» INPUT

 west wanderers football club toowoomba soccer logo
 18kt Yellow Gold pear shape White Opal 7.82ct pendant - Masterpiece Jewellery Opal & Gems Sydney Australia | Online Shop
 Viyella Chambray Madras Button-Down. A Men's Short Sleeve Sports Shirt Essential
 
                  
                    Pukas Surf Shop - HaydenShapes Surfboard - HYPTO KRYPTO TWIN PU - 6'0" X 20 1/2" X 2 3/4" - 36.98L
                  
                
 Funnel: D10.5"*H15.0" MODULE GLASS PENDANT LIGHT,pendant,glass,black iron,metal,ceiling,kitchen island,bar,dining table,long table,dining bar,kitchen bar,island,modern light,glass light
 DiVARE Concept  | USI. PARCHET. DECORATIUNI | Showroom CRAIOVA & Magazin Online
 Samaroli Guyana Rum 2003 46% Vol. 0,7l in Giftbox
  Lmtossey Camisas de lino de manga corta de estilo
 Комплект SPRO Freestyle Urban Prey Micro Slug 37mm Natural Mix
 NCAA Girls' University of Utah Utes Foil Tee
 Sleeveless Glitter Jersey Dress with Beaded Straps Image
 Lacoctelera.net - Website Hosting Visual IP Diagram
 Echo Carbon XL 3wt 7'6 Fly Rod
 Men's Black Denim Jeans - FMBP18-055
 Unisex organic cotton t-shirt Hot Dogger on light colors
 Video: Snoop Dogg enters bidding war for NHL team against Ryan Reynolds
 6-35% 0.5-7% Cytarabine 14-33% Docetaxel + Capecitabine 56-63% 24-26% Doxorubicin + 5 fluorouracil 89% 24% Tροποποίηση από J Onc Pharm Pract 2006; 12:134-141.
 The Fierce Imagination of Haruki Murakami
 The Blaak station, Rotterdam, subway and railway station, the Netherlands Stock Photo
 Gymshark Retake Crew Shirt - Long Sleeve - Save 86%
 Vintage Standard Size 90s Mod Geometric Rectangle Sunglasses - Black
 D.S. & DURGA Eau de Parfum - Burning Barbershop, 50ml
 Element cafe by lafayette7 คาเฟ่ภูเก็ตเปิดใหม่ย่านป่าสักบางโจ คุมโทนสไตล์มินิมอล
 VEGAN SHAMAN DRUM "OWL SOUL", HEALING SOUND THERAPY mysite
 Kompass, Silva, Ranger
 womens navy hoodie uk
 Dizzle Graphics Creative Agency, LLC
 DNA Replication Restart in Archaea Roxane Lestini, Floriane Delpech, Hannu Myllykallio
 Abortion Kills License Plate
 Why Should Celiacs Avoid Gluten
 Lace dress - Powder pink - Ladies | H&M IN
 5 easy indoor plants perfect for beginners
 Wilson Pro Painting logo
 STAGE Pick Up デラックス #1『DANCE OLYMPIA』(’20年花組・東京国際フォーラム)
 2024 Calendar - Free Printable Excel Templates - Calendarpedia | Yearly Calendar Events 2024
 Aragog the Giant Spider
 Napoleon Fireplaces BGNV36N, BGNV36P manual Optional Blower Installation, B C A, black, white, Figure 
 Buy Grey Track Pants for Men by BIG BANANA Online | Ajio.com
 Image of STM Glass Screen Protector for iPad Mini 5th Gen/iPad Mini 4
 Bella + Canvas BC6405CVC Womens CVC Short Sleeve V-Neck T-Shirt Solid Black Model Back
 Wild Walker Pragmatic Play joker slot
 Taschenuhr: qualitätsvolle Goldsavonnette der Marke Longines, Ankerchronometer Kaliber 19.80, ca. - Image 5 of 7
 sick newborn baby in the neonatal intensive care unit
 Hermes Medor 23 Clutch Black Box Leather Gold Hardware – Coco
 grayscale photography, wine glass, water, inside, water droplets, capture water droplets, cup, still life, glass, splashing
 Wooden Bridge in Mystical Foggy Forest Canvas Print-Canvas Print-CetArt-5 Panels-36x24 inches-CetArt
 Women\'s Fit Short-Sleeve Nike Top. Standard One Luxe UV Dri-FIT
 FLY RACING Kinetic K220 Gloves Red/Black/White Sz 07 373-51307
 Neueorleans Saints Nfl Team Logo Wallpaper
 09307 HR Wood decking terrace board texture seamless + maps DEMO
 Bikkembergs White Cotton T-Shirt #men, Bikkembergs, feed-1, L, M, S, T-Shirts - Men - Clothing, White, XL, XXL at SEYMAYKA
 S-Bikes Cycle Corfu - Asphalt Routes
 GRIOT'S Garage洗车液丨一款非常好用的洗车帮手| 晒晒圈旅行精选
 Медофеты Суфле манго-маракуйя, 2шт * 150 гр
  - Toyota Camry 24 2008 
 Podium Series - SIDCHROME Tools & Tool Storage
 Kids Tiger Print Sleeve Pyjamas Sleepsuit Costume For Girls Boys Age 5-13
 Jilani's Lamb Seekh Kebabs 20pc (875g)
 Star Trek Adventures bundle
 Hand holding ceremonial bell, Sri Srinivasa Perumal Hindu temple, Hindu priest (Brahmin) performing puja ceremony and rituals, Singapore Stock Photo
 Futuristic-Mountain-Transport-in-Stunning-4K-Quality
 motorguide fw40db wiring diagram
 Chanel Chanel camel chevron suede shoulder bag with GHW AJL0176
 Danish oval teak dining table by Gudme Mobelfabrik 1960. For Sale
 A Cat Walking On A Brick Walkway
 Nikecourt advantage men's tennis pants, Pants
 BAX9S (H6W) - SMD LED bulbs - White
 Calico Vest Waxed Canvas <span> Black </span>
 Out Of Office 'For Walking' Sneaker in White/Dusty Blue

» YOUR ASSIGNMENT
Each line in the listing above from the one containing "NCAA Girls' University of Utah Utes Foil Tee" through the one containing "Buy Grey Track" should be repeated exactly, and no other line.

» ANSWER TO THIS EXERCISE
 NCAA Girls' University of Utah Utes Foil Tee
 Sleeveless Glitter Jersey Dress with Beaded Straps Image
 Lacoctelera.net - Website Hosting Visual IP Diagram
 Echo Carbon XL 3wt 7'6 Fly Rod
 Men's Black Denim Jeans - FMBP18-055
 Unisex organic cotton t-shirt Hot Dogger on light colors
 Video: Snoop Dogg enters bidding war for NHL team against Ryan Reynolds
 6-35% 0.5-7% Cytarabine 14-33% Docetaxel + Capecitabine 56-63% 24-26% Doxorubicin + 5 fluorouracil 89% 24% Tροποποίηση από J Onc Pharm Pract 2006; 12:134-141.
 The Fierce Imagination of Haruki Murakami
 The Blaak station, Rotterdam, subway and railway station, the Netherlands Stock Photo
 Gymshark Retake Crew Shirt - Long Sleeve - Save 86%
 Vintage Standard Size 90s Mod Geometric Rectangle Sunglasses - Black
 D.S. & DURGA Eau de Parfum - Burning Barbershop, 50ml
 Element cafe by lafayette7 คาเฟ่ภูเก็ตเปิดใหม่ย่านป่าสักบางโจ คุมโทนสไตล์มินิมอล
 VEGAN SHAMAN DRUM "OWL SOUL", HEALING SOUND THERAPY mysite
 Kompass, Silva, Ranger
 womens navy hoodie uk
 Dizzle Graphics Creative Agency, LLC
 DNA Replication Restart in Archaea Roxane Lestini, Floriane Delpech, Hannu Myllykallio
 Abortion Kills License Plate
 Why Should Celiacs Avoid Gluten
 Lace dress - Powder pink - Ladies | H&M IN
 5 easy indoor plants perfect for beginners
 Wilson Pro Painting logo
 STAGE Pick Up デラックス #1『DANCE OLYMPIA』(’20年花組・東京国際フォーラム)
 2024 Calendar - Free Printable Excel Templates - Calendarpedia | Yearly Calendar Events 2024
 Aragog the Giant Spider
 Napoleon Fireplaces BGNV36N, BGNV36P manual Optional Blower Installation, B C A, black, white, Figure 
 Buy Grey Track Pants for Men by BIG BANANA Online | Ajio.com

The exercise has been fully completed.